Anya menghela napas. Dia tidak dapat mengingat dengan jelas tentang apapun yang terjadi sebelum orang-orang jahat itu merebutnya dari sang mama dan membunuh wanita itu. Yang diingatnya sekarang hanyalah wajah mamanya dan beberapa nada dari lagu berbahasa klasik yang sering didengarnya di tempat yang disebut mamanya sebagai rumah mereka.
Rasanya, selain penculikan yang dialaminya, sebagian besar dari ingatannya tentang dua tahun pertamanya bersama keluarga kandungnya terkunci dengan sangat rapat dalam otaknya, dan dia tidak tahu bagaimana membuka kuncinya.
Anya terus memikirkan mimpinya itu, tentang kehangatan yang dirasakannya saat melihat mamanya disana.

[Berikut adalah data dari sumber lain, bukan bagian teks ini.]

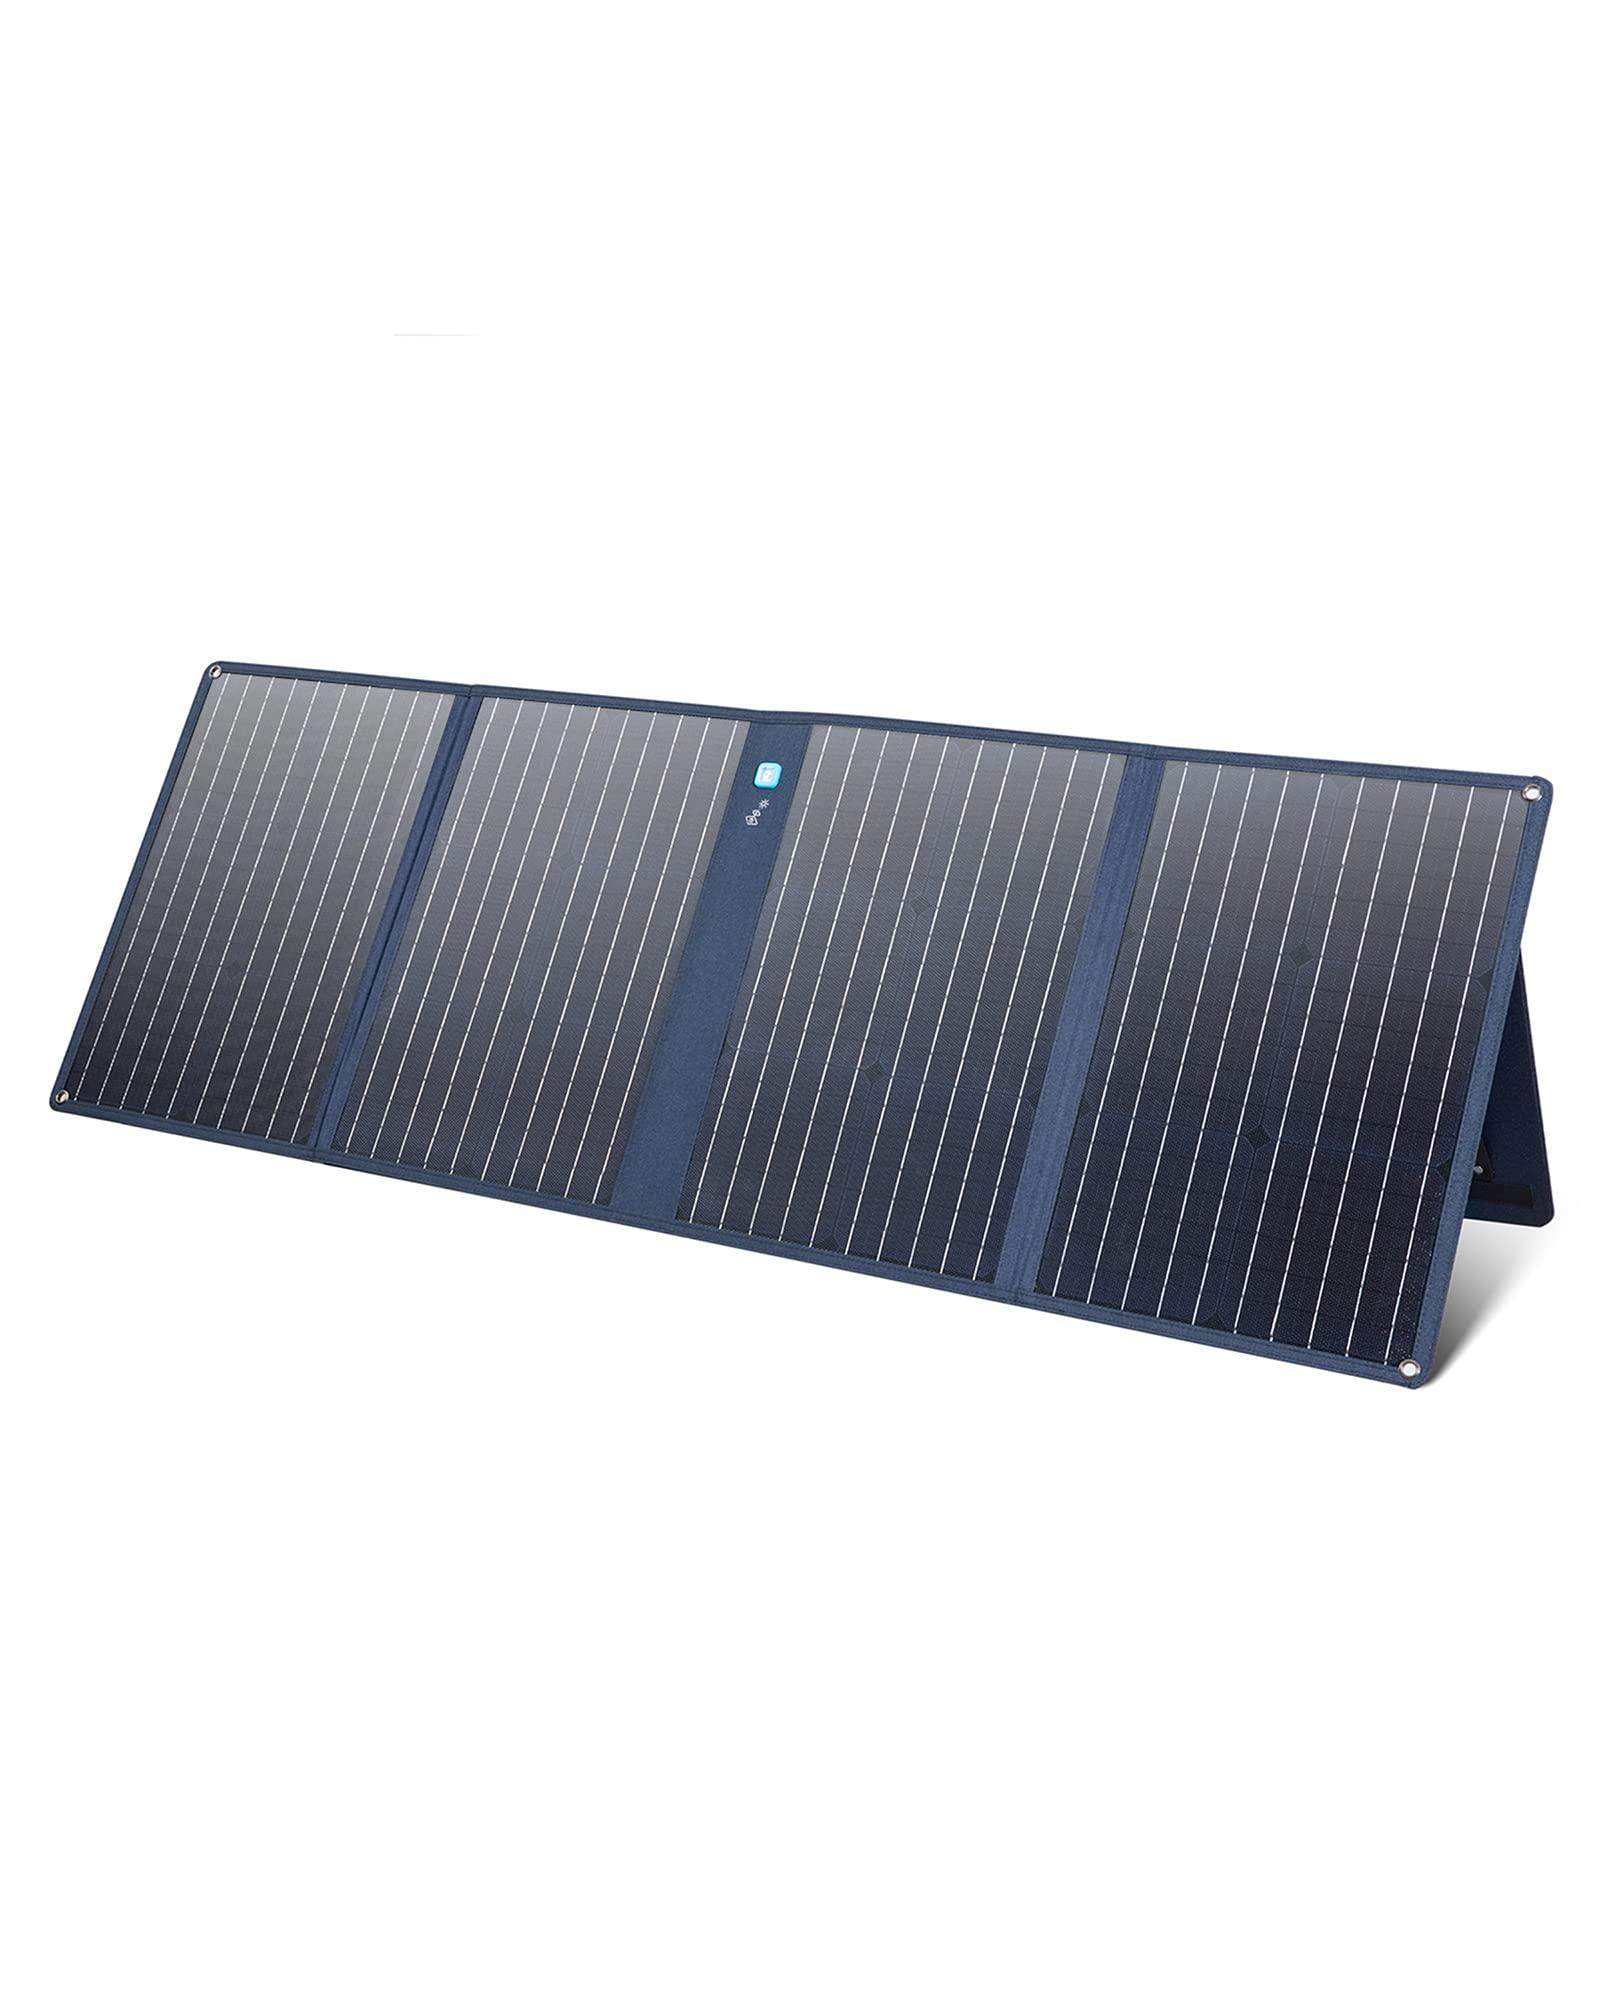 لوح طاقة شمسية 100 واط أنكر Anker 625 Solar Panel With Adjustable KickStand - cG9zdDo5Nzc0Mjk=

Perasaan yang jelas tak dapat dirasakannya saat di lab maupun di tiga panti asuhan yang pernah ditinggalinya, bahkan juga di rumah empat keluarga yang pernah mengadopsinya. Perasaan itu mirip dengan kehangatan yang dirasakannya disini, di tengah keluarga Forger.
'Kok Anya bisa mimpi begitu ya? Apa maksudnya, nggak jadi masalah buat Anya kasih tahu Jinan kalau Anya bisa baca pikiran?'
"Tunggu bentar deh. Kenapa semalem Anya pasang jam weker?" tanyanya kepada dirinya sendiri, "Hari ini kan hari pertama libur sekolah, ya? Artinya Anya nggak perlu bangun pagi, karena nggak perlu ke sekolah sampai awal semester baru."
Akhirnya, Anya pun menguap sebelum memejamkan matanya lagi dan berkata, "Anya mau tidur lagi ah."
.
.
Sementara itu, di sebuah kamar yang besar…
Damian Desmond baru saja terbangun dari tidurnya, merasa heran dengan apa yang baru saja dilihatnya dalam mimpinya.
'Aku ingat ibu beberapa kali membawaku berkunjung ke rumah teman-temannya saat aku berumur tiga tahun, tapi aku tidak ingat tentang tante itu dan putrinya,' pikirnya. 'Tapi putrinya itu, katanya sih dia berumur dua tahun, tapi kenapa dia mirip banget sama si cebol ya?'
Damian menggelengkan kepalanya dan berkata kepada dirinya sendiri, "Nggak, itu nggak mungkin dia. Aku tahu dia pendek, tapi dia seumuran denganku. Nggak mungkin kan umurnya berubah cuma gara-gara mimpi?"
'Meski begitu, mereka mirip banget…'
Bocah itu menepuk keningnya. "Duh, ini gara-gara dia tiba-tiba ngomong kalau dia bisa baca pikiran. Kenapa sih aku sampai mimpi begitu cuma gara-gara omongan dia?"
'Tunggu sebentar. Apa dia benar-benar bisa baca pikiran? Ya, aku tahu kedengarannya mustahil, tapi kalau dipikir-pikir, aku memang pernah curiga sih, waktu dia tahu kalau aku dapat nilai jelek di ulangan Bahasa Nasional. Aku juga curiga padanya, waktu dia bisa langsung menang pas kita main joker. Apa itu artinya, dia membenarkan kecurigaanku?'
"Huh, peduli amat. Mendingan nggak usah dipikirin lagi ah." Damian menghela napas kemudian bangkit dari tempat tidurnya dan berjalan keluar dari kamarnya. "Rasanya aku perlu minum segelas susu sekarang."